[Source information]
══════════════════════════════

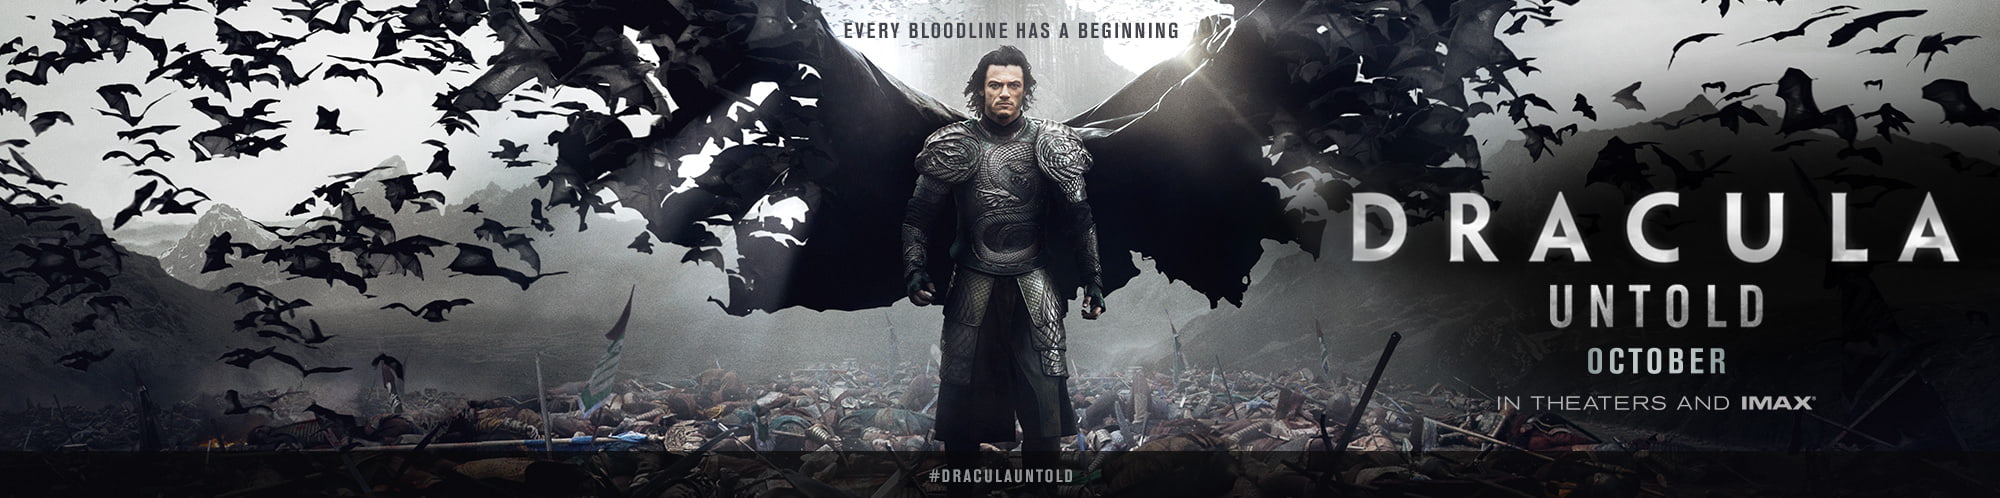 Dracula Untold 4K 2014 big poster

══════════════════════════════

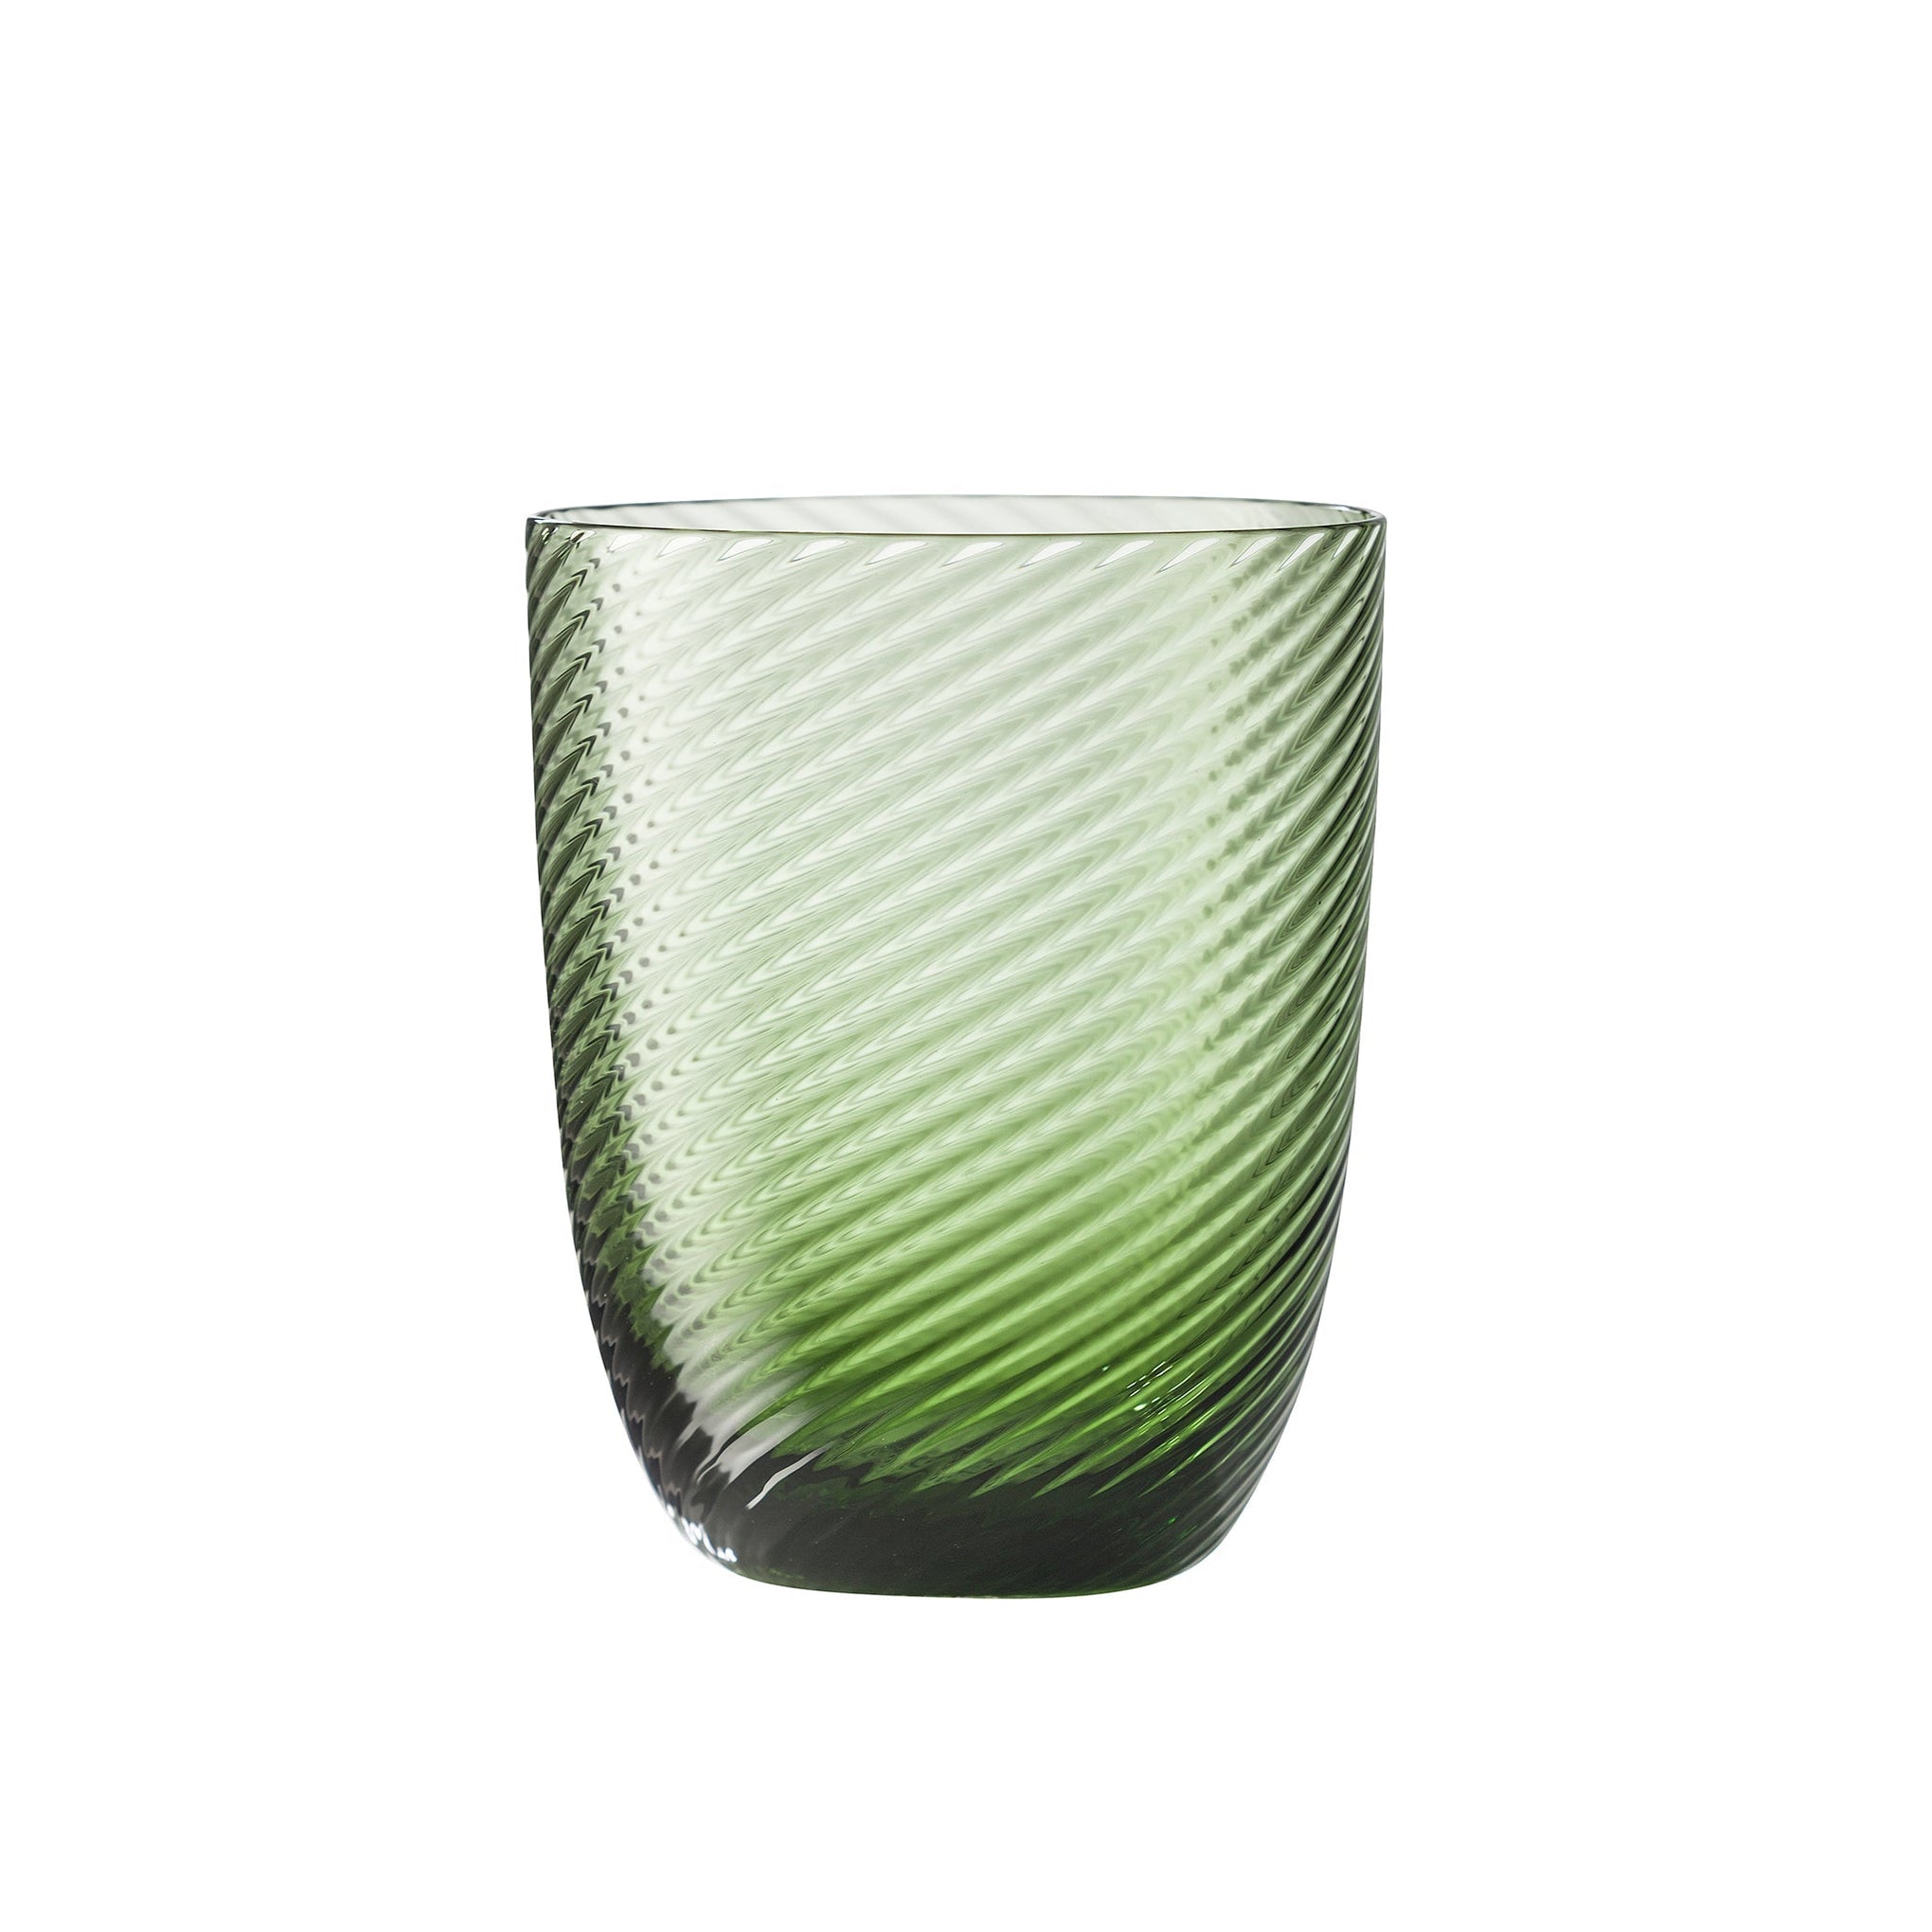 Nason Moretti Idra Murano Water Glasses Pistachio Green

══════════════════════════════

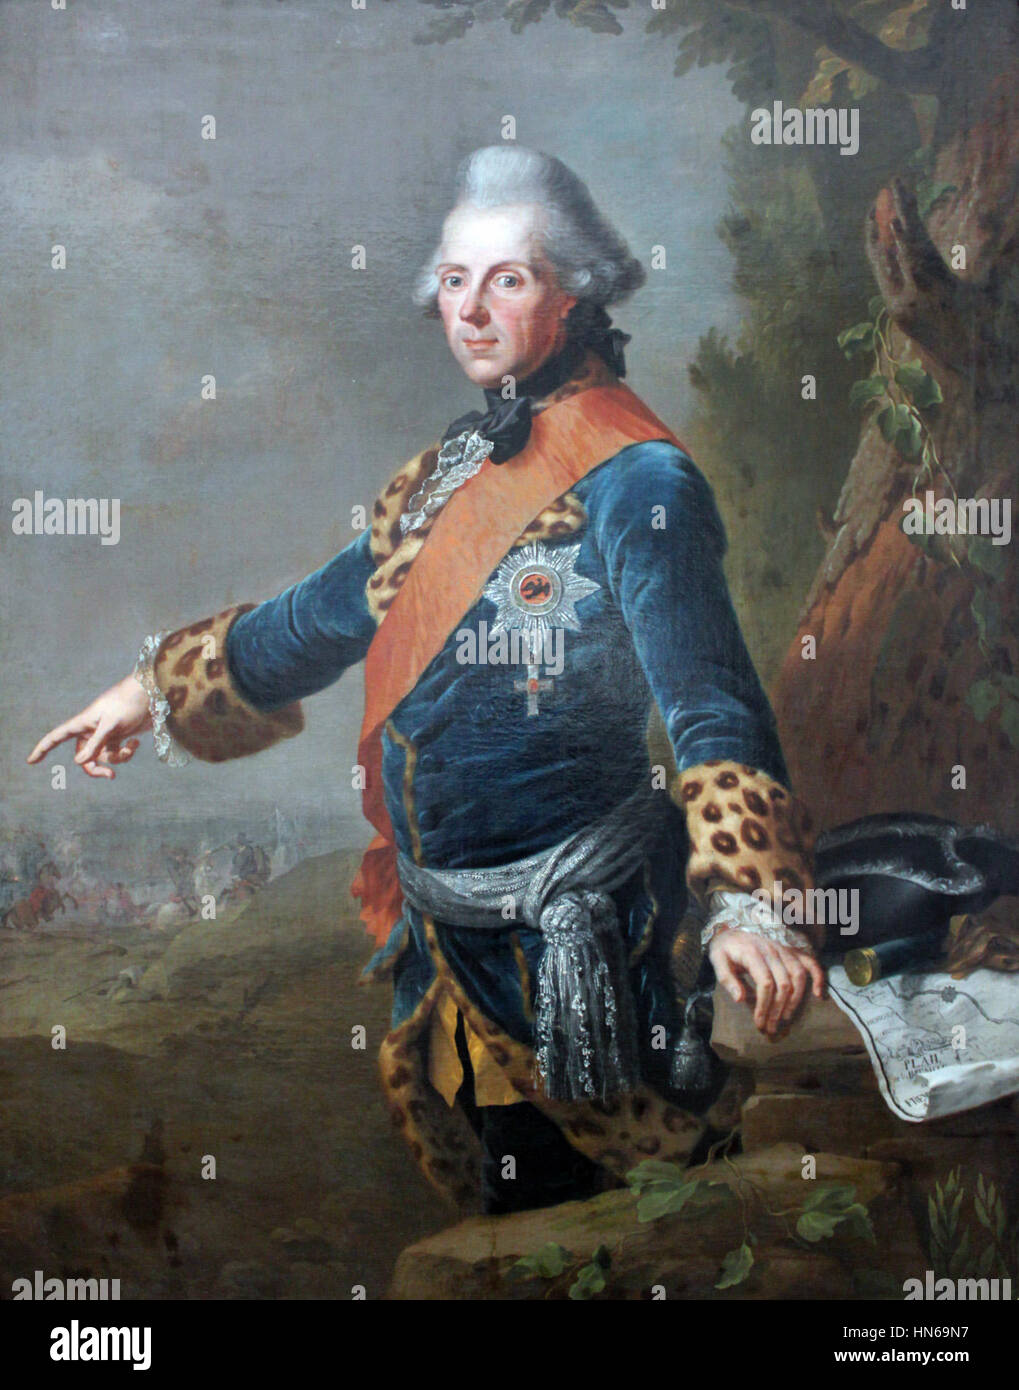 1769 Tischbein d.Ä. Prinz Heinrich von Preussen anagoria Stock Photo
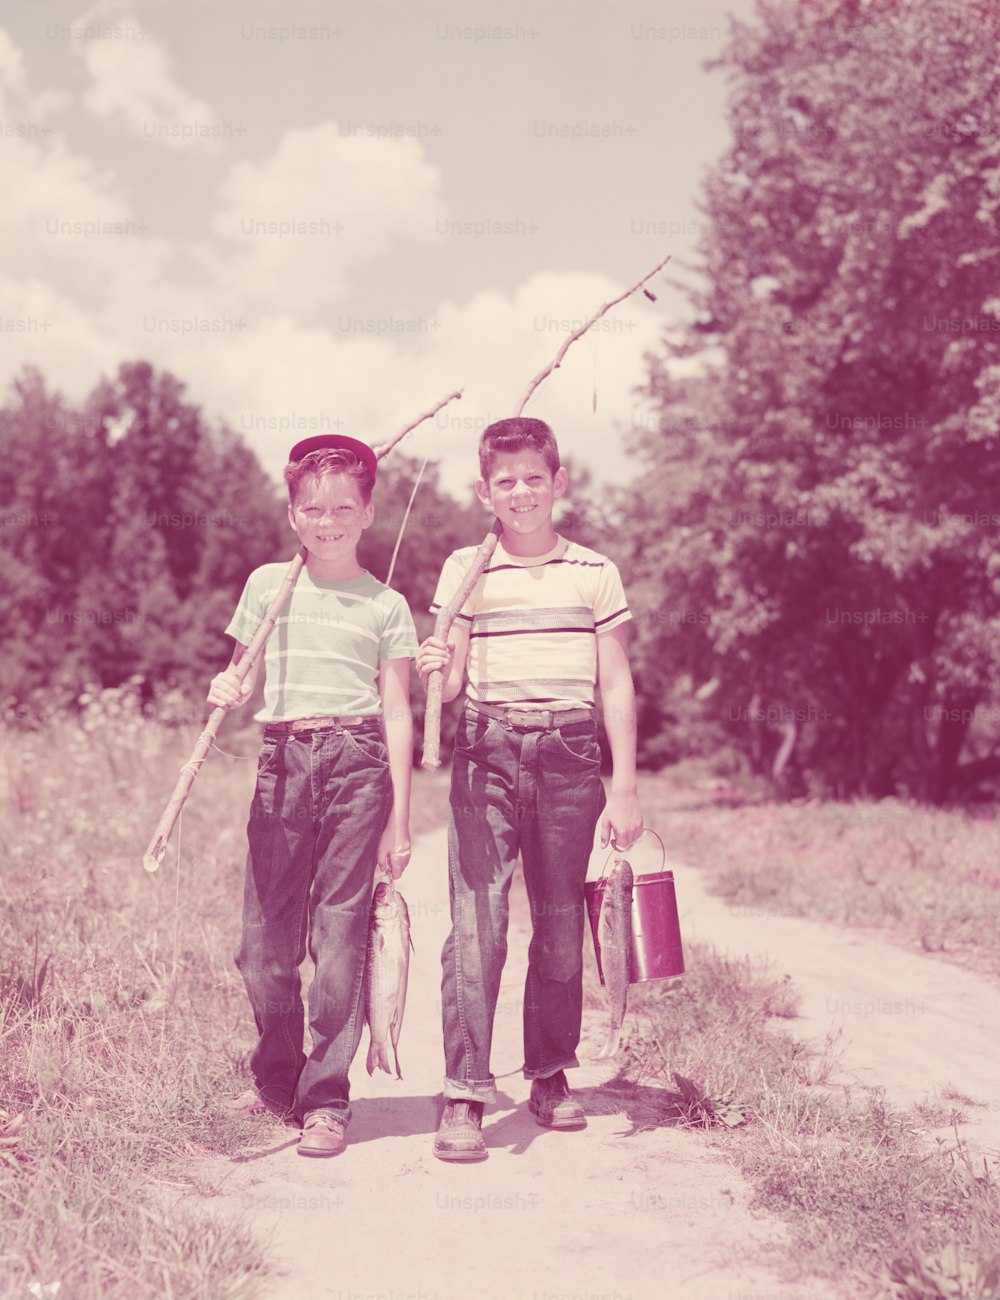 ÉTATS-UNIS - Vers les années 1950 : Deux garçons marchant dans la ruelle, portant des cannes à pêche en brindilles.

══════════════════════════════

[Aim of the task]
Starting with the line that has "1769 Tischbein d.Ä." and ending with the line that has "ÉTATS-UNIS - Vers", repeat the lines above exactly, omitting every picture.

[Your response]
 1769 Tischbein d.Ä. Prinz Heinrich von Preussen anagoria Stock Photo
 ÉTATS-UNIS - Vers les années 1950 : Deux garçons marchant dans la ruelle, portant des cannes à pêche en brindilles.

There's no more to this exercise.